На революцию 1905 г. так или иначе откликнулась вся русская литература. Не был исключением и Брюсов. В его устах зазвучали странные пророчества, из которых трудно понять, как все-таки на самом деле относится он к революции:
Где вы, грядущие гунны,
Что тучей нависли над миром!
Слышу ваш топот чугунный,
По еще не открытым Памирам.
На нас ордой опьянелой
Рухните с темных становий -
Оживить одряхлевшее тело
Волной пылающей крови.
Поставьте, невольники воли,
Шалаши у дворцов, как бывало,
Всколосите веселое поле
На месте тронного зала...
... Бесследно все сгибнет, быть может,
Что ведомо было одним нам,
Но вас, кто меня уничтожит,
Встречаю приветственным гимном. ("Грядущие гунны")
Эта парадоксальная мысль - радостное приветствие очевидной гибели и очевидному злу - повторяется у него неоднократно. Вот другое стихотворение того же времени, "Лик медузы".
Лик медузы, лик грозящий,
Встал над далью тесных дней,
Взор - кровавый, взор - горящий,
Волоса - сплетенья змей.
Это - хаос. В хаос черный
Нас влечет, как в срыв, стезя.
Спорим мы, иль мы покорны,
Нам сойти с пути нельзя...
Наконец, еще одно - не опубликованное при жизни и, может быть, самое откровенное - "Книга пророчеств".

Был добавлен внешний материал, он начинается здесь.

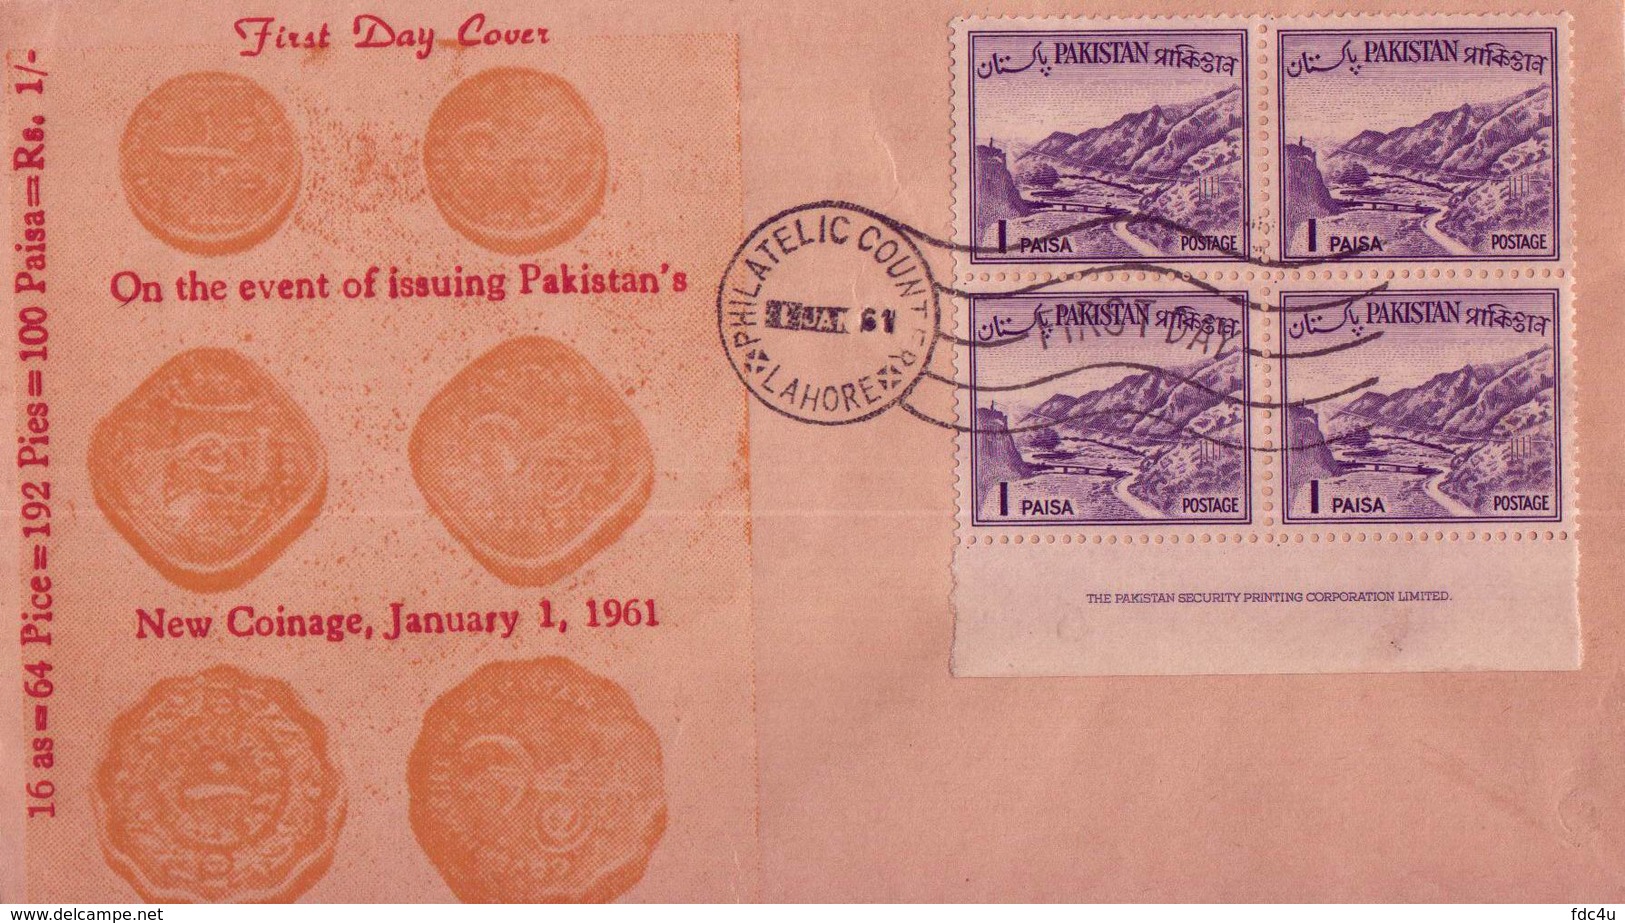 Pakistan Fdc 1961 & Stamps Currency Changed 100 Paisa = Rs. 1.00 Coins On Fdc - Pakistan

Поклонники общего равенства - радуйтесь!
Поклонники мира вселенского - радуйтесь!
Ваше царство придет,
Ваше солнце взойдет.
Горе тебе, Франция, в колпаке фригийском!

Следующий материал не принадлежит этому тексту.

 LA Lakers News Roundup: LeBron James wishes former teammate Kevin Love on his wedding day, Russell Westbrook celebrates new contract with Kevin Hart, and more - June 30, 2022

Горе тебе, Германия, женщина с мечом!
И тебе, Англия, - островной тритон тысячерукий!
И тебе, Италия, - нищая в парчовых лохмотьях!

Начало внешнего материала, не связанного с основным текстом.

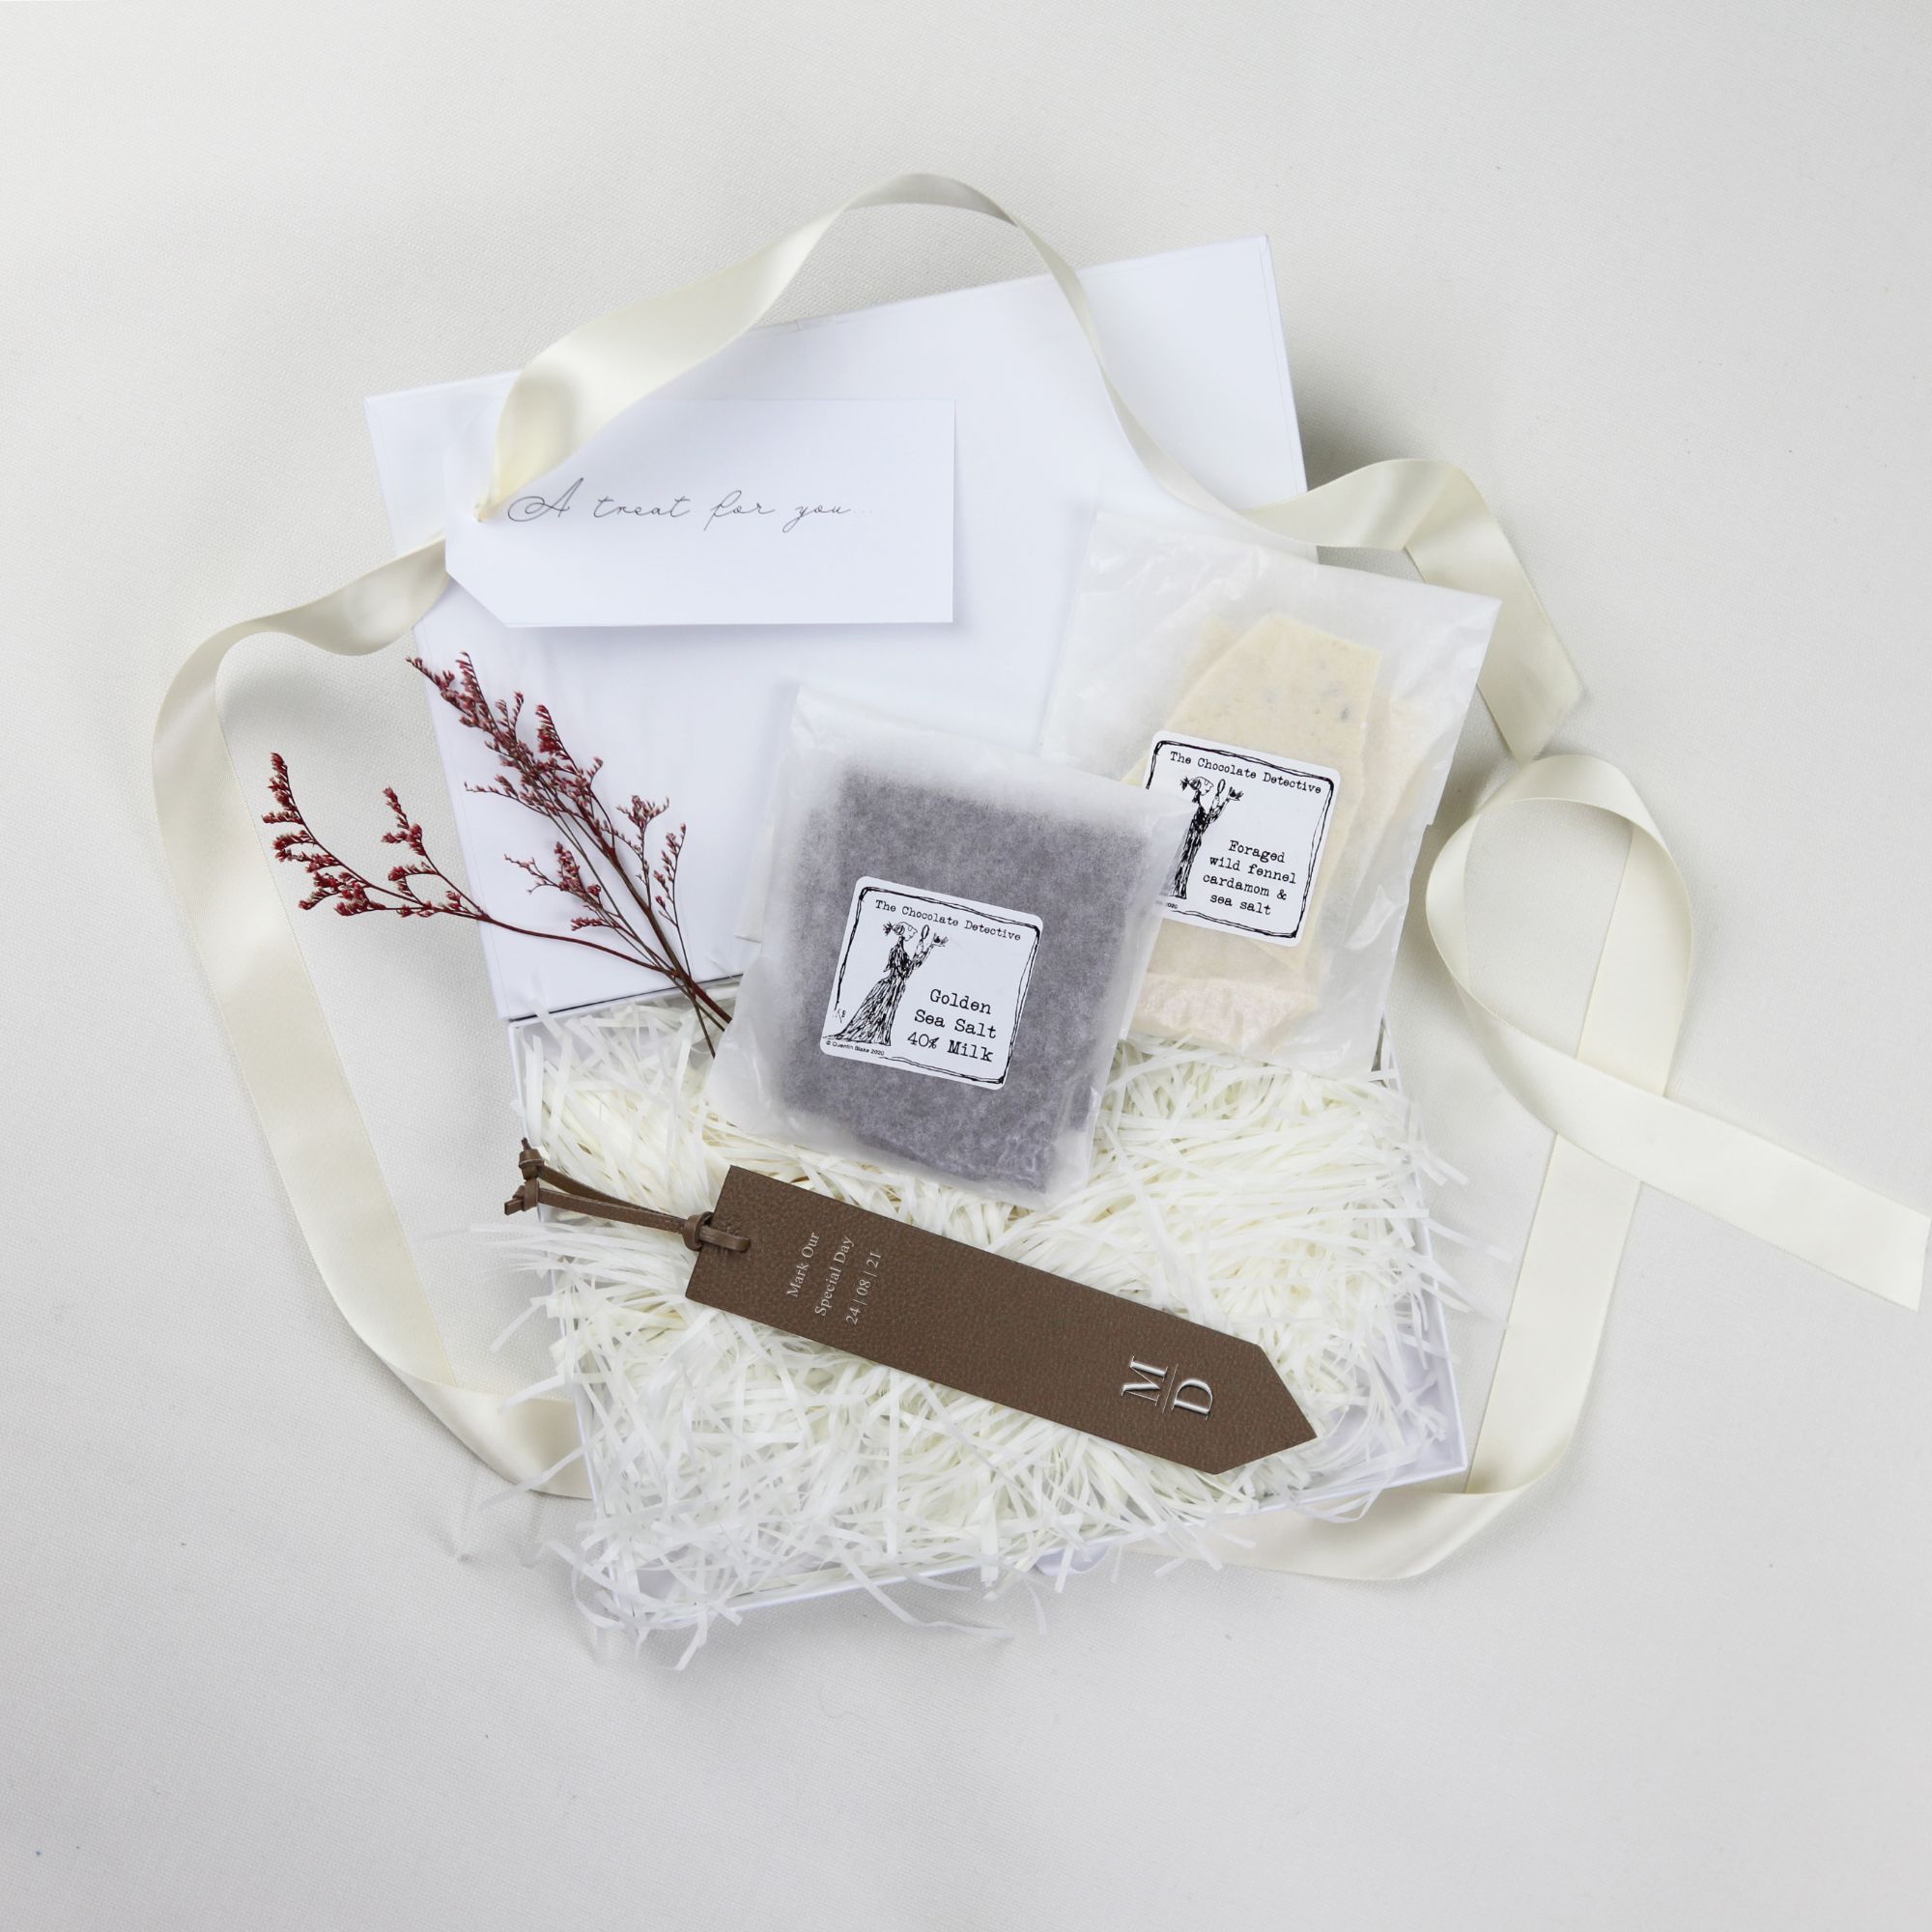 Gift box for readers and writers with branded leather bookmark and milk, dark, white chocolate

Горе вам, раздельные лики!
Будете вы единый лик!
Воцарилась ты, Всемирная Каракатица!
Щупальца твои какой мудрец исчислит?
Каждое селение обовьет твоя лапа,
К каждому сердцу присосется твой сосок.
(Ах, я знаю, и мое сердце болит!)
Ты выпускаешь из своего чрева черную сепию
Всех, всех, всех ты окрашиваешь в один черный цвет.
Вижу я города будущего,
Их правильные квадраты.
Вижу я жизнь грядущего,
Ее мерное течение.
Учиться, работать, быть сытым!
Быть сытым, работать, быть сытым, быть сытым!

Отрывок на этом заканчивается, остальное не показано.